China's national legislature on Friday formally accepted the governing Communist Party's proposed three-child policy that aims to prevent a sharp drop in birth rates in the world's most populous country.
The Standing Committee of the National People's Congress (NPC) passed the revised Population and Family Planning Law, allowing the Chinese couple to have three children.
The NPC has changed the law to execute the central leadership's determination to deal with new social and economic circumstances and encourage long-term population growth that is balanced, said the PTI report.
To address the complaints, the new law included greater social and economic support measures.

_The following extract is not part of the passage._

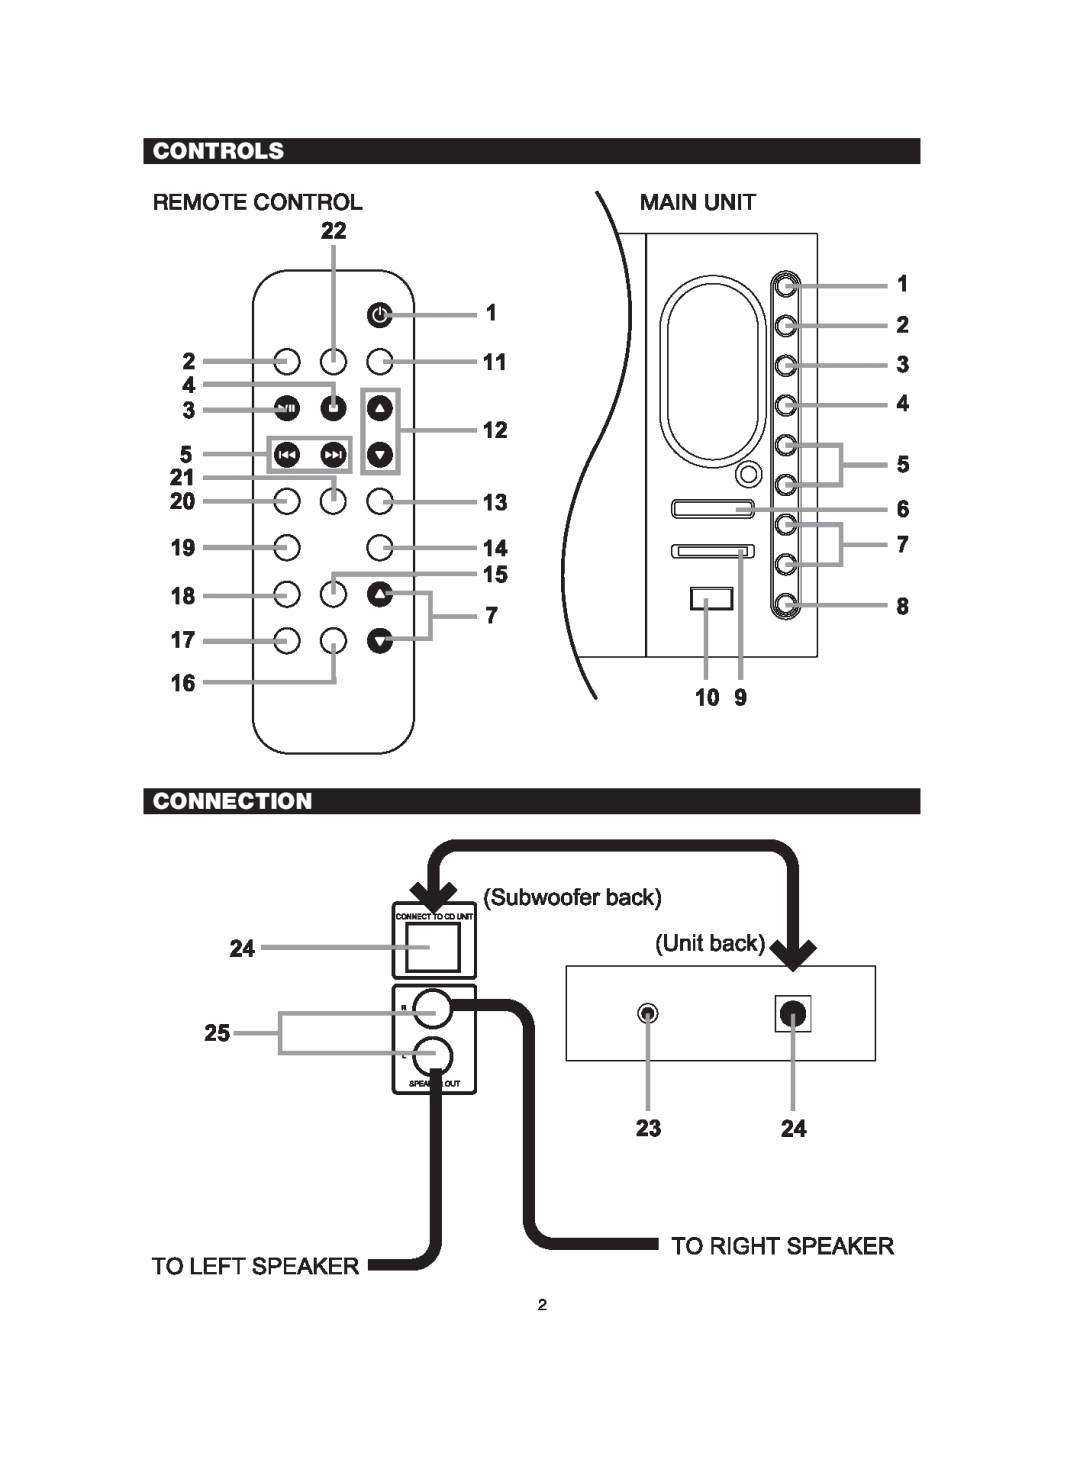 TDK NX-7CD manual Controls, Connection, Remote Control, Main Unit

The new law states that the country will implement supportive measures, such as those in finance, taxation, insurance, education, housing, and employment, to ease the pressures on families and lower the cost of raising and educating children.
The decision to allow the third child comes as China's population rose at the slowest rate in a decade, reaching 1.412 billion people, with official projections indicating the decline might start as early as next year.
Earlier this year, the Chinese Communist Party (CPC) authorized a relaxation of the country's rigorous two-child policy, allowing all couples to have up to three children.
Repealing the country's decades-old restrictive one-child policy in 2016, which experts blamed for the country's demographic catastrophe, China permitted the couples to have two children.
According to new census data, China's demographic crisis is anticipated to worsen, as the population of persons aged 60 and older increased by 18.7% last year to 264 million.